The best compliment I ever got? I was working retail and someone came up
and said, “You ever see Rushmore? You remind me of Rushmore.”
She explained that I didn’t really resemble Max Fischer or Jason Schwartzman,
but that, enigmatically, I was the physical embodiment of the best movie ever
made.

I saw Rushmore at the right times: once before my
teenage years, once during, and once as I was leaving them, and each time the
movie transformed me. I wanted to smoke cigarettes and play rock music to
every girl I met incredibly loudly. It made me want to wear blazers, shoot
guns and buy dynamite, and build aquariums for everyone I loved. It made me
want to be a writer.

Soon, my friends and all the smart girls moved away to
crenellated colleges where they’d learn about John Berger and take
psychotropic mindbombs. Bored, I watched Rushmore the third time.
There, I realized its coda was the most bittersweet, tender scene ever laid to
film.
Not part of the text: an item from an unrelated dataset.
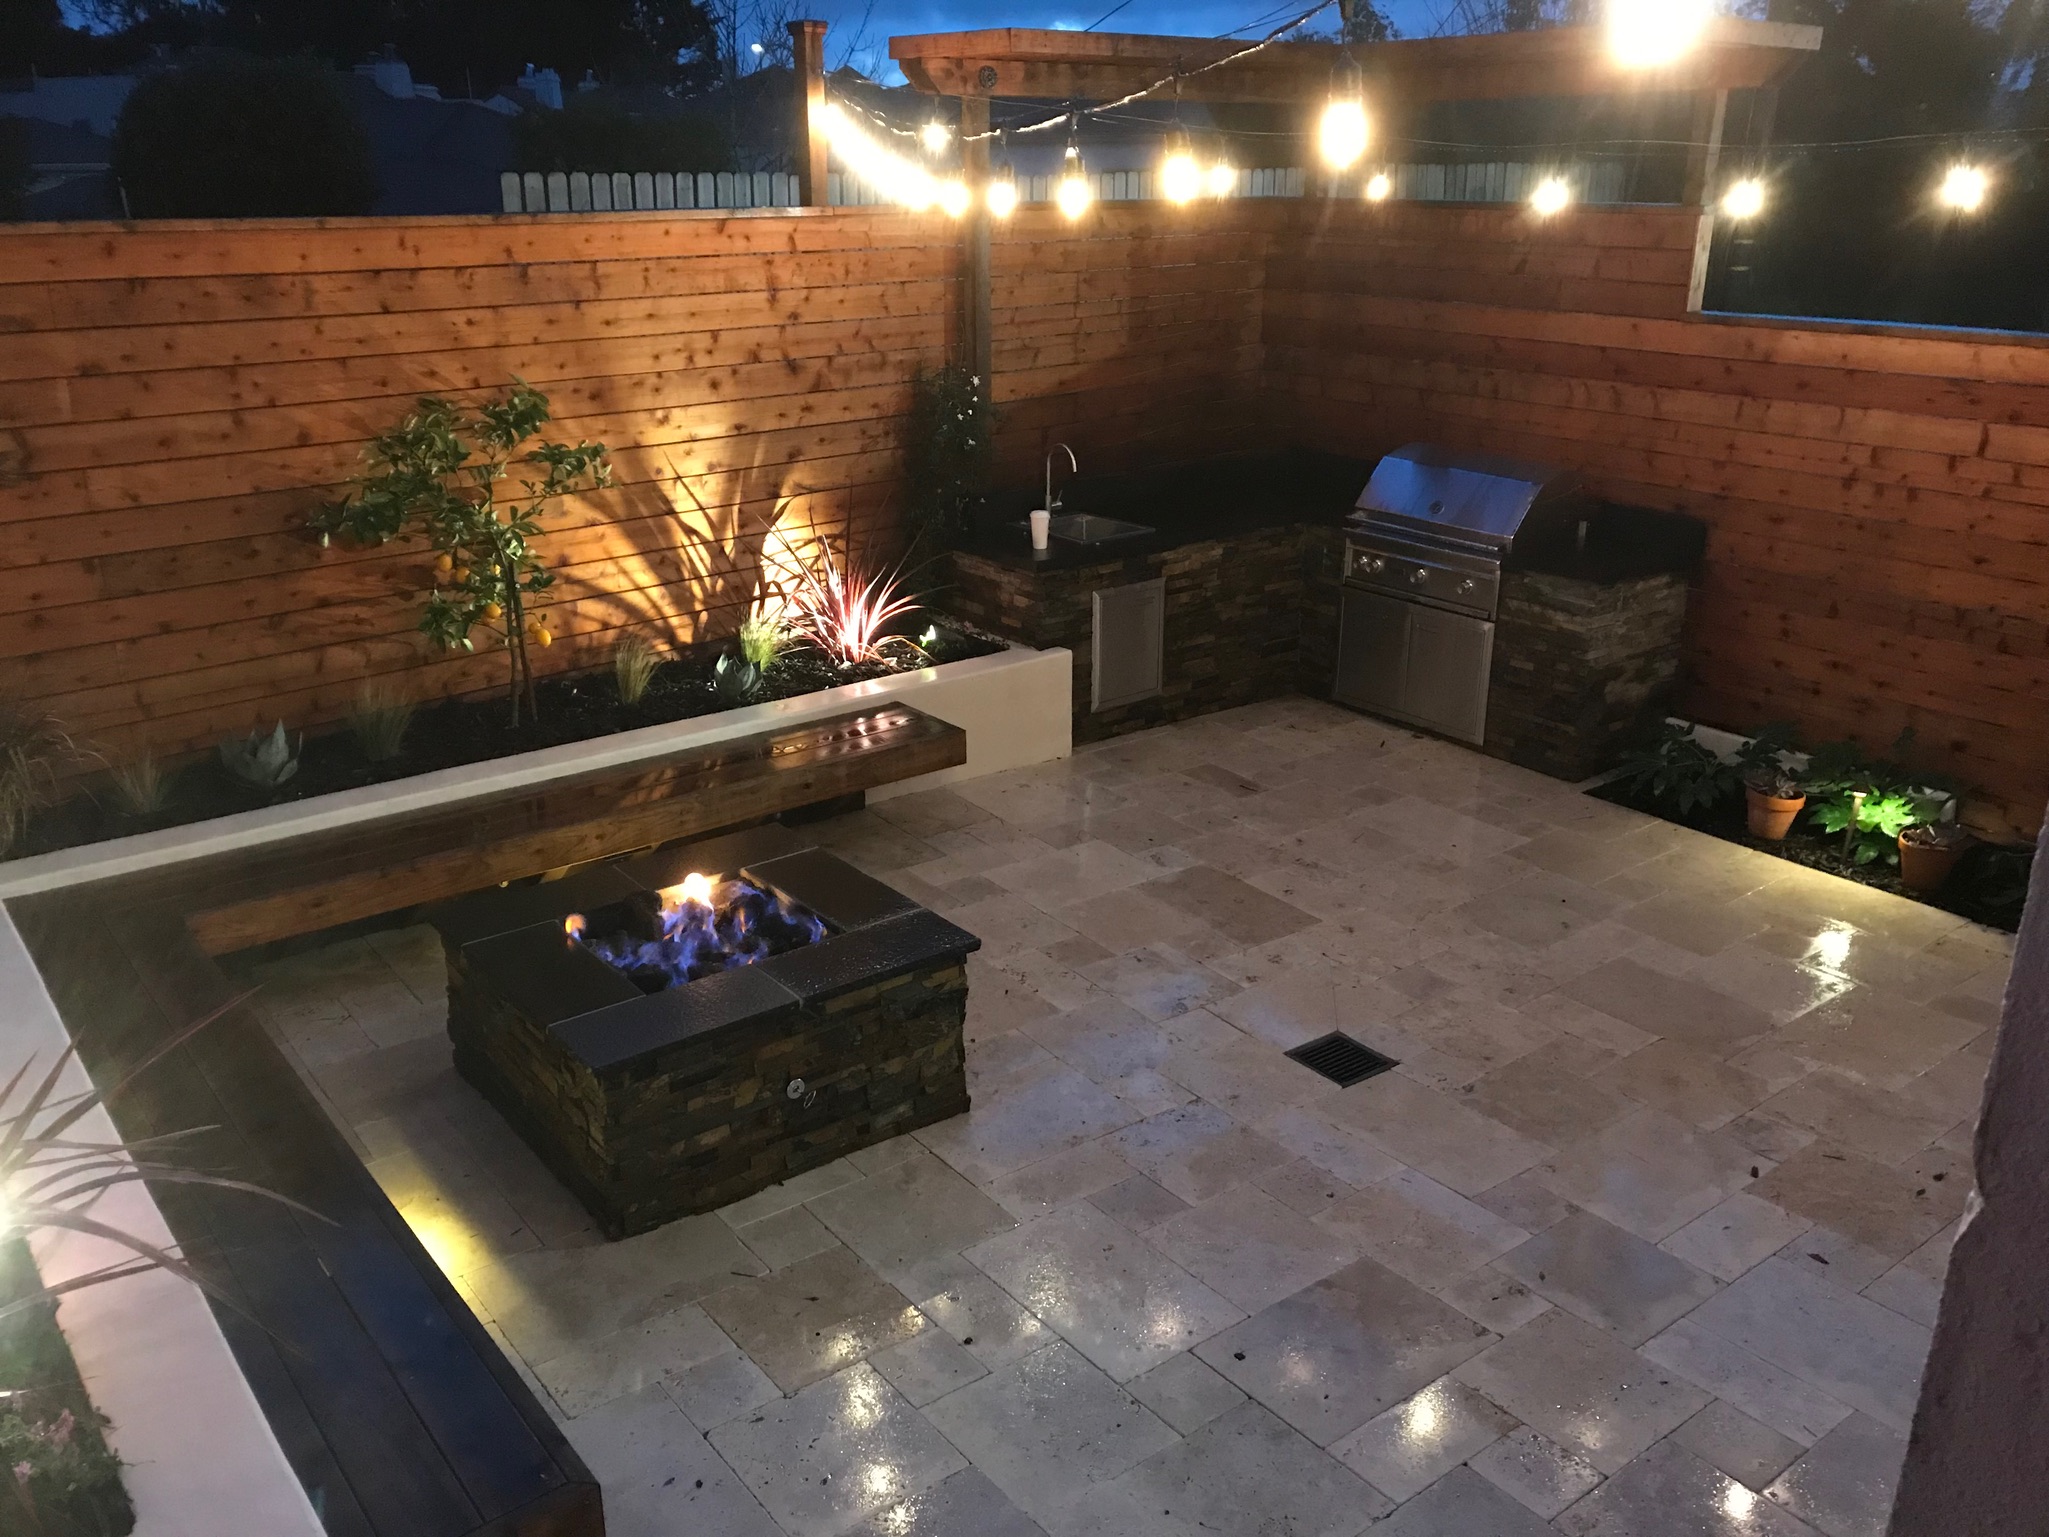 Modern, sustainable backyard complete with BBQ area and sink in back right corner. Fire pit and L-shaped redwood seating, backed with raised planters in left corner. Travertine pavers on ground and redwood fence in background.
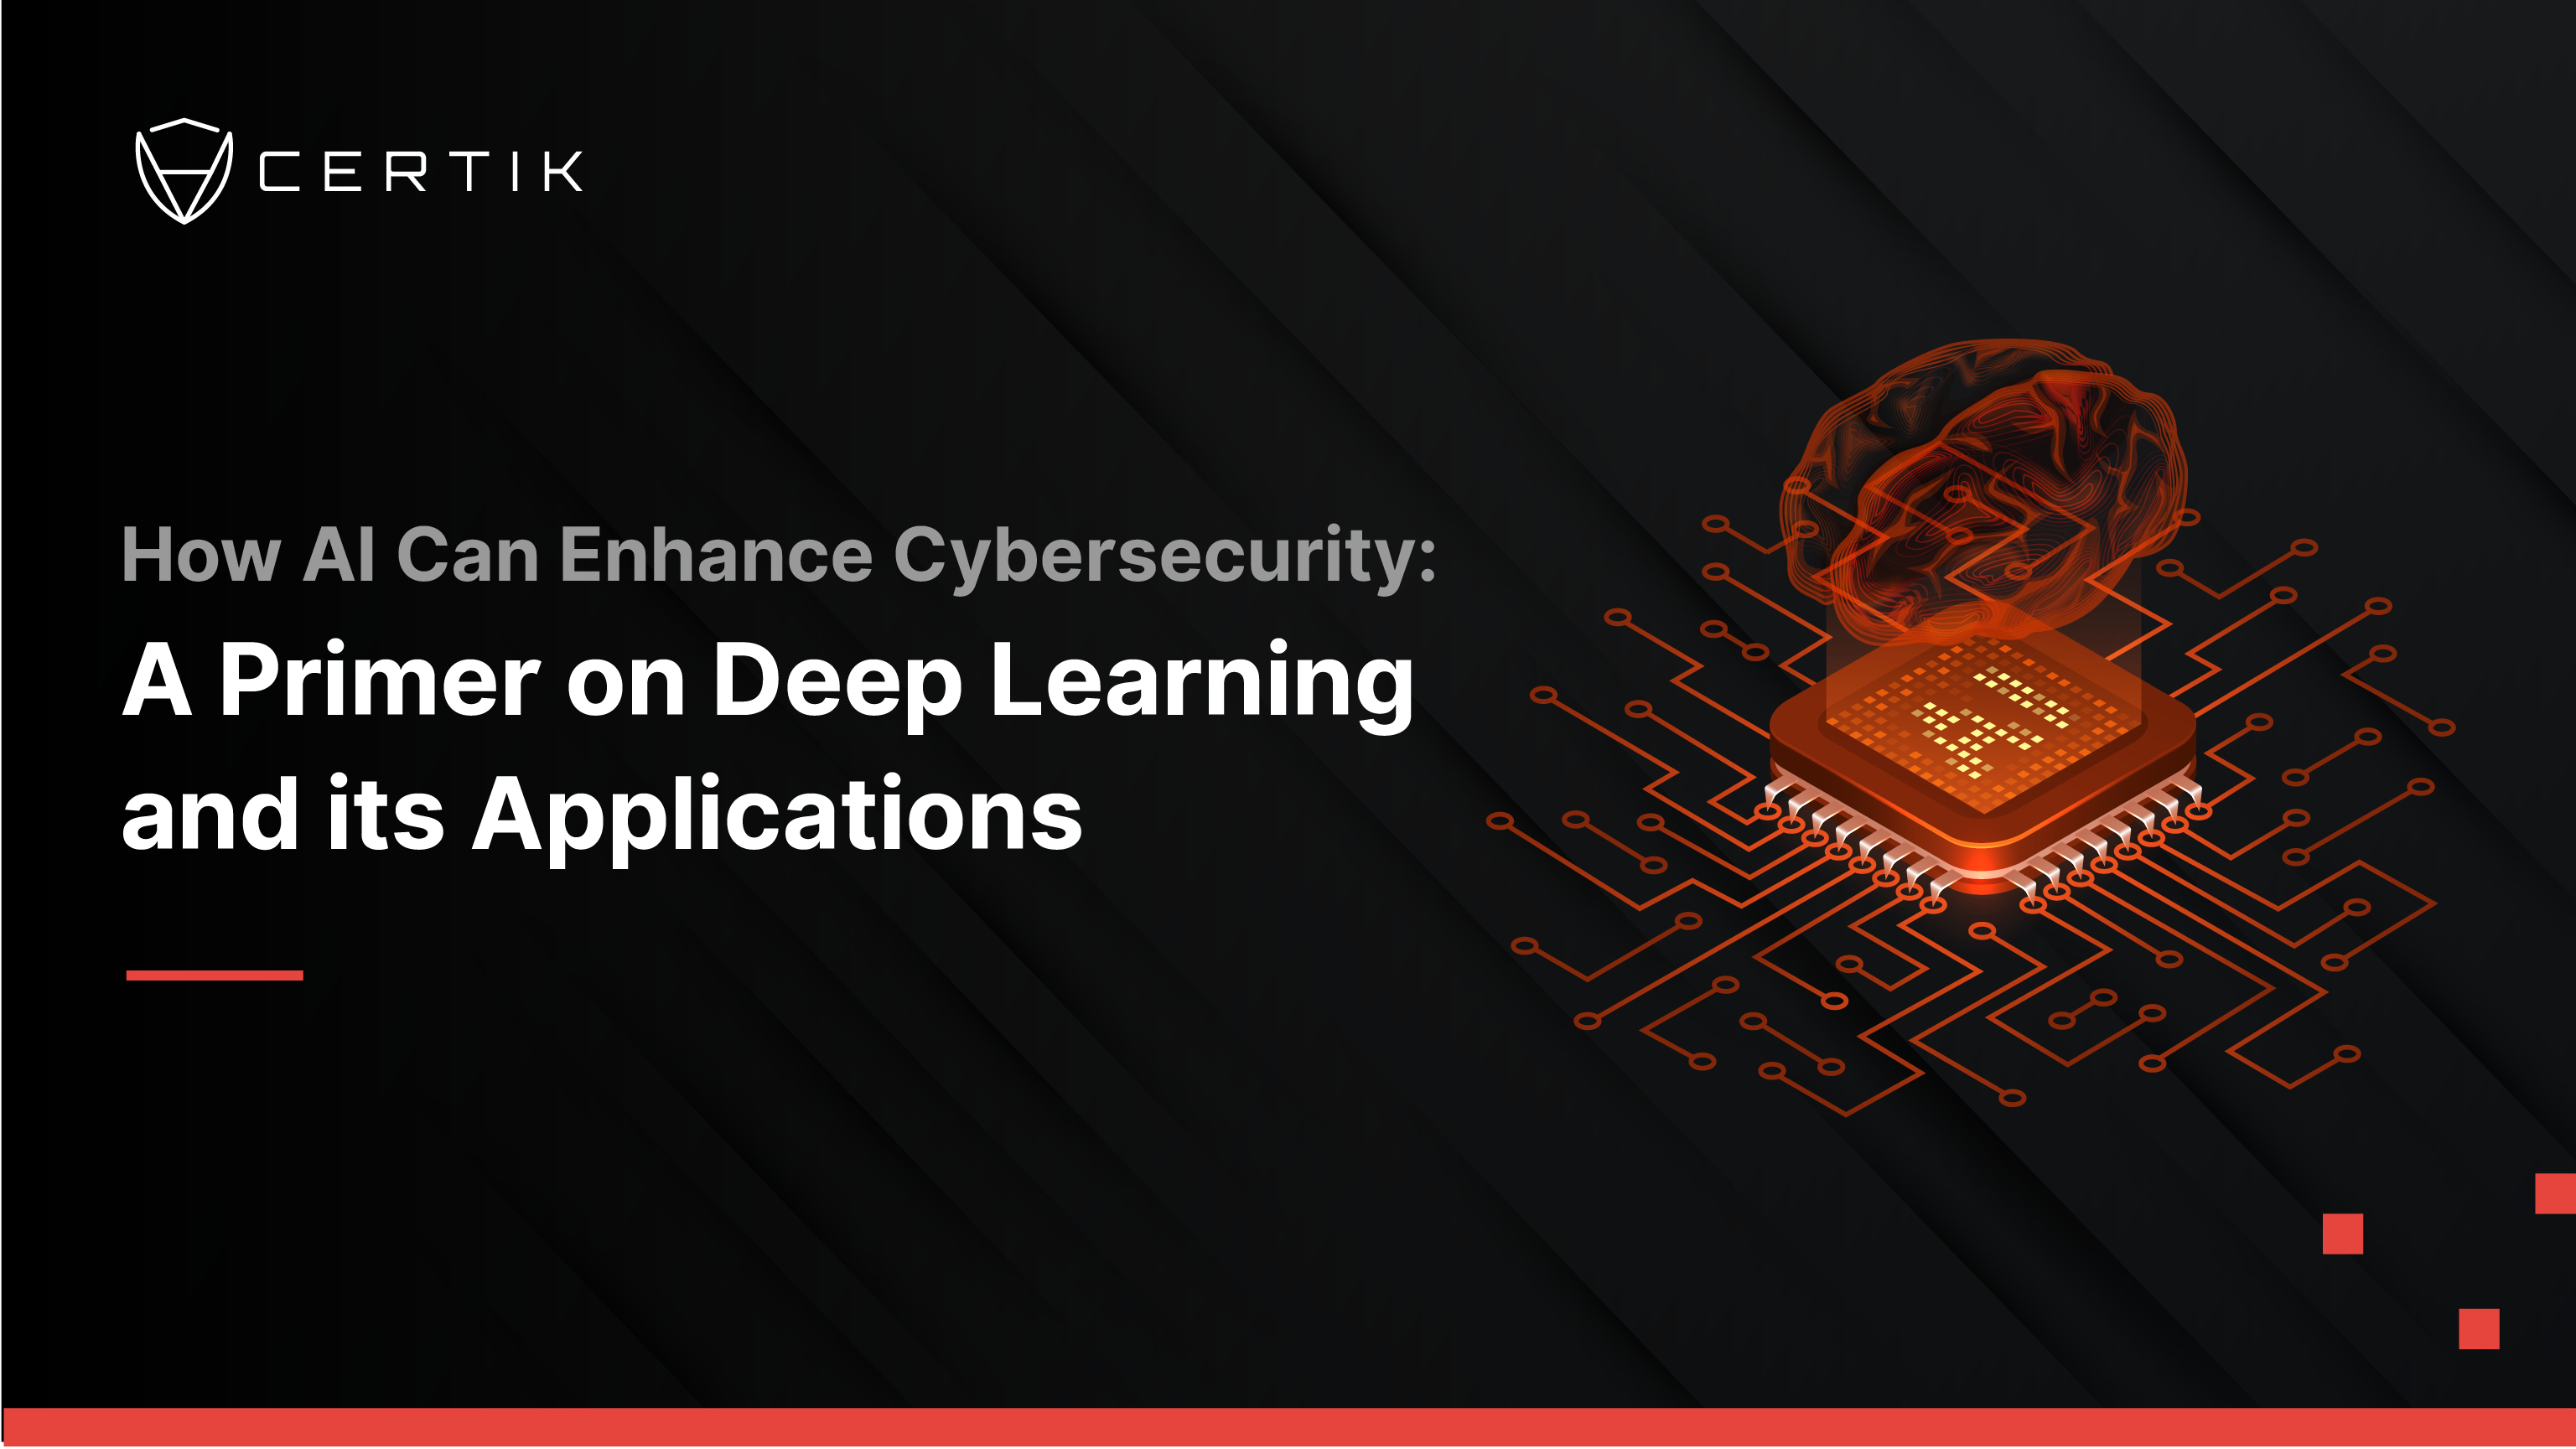 How AI Can Enhance Cybersecurity: A Primer on Deep Learning and its Applications

It’s where Miss Cross takes Max’s hand for a dance to the Faces’ “Ooh La
La,” a slow-motion fade of two friends alert of their past, optimistic about
the future, surrounded by sparklers and the people who have made their story
beautiful. Moments like these tap into the invisible effect of movies.
Specifically, I now believed I knew how to succeed when the world draws the
curtains on our adolescent dreams. I still do.


Sic transit
gloria
,
but art will never die.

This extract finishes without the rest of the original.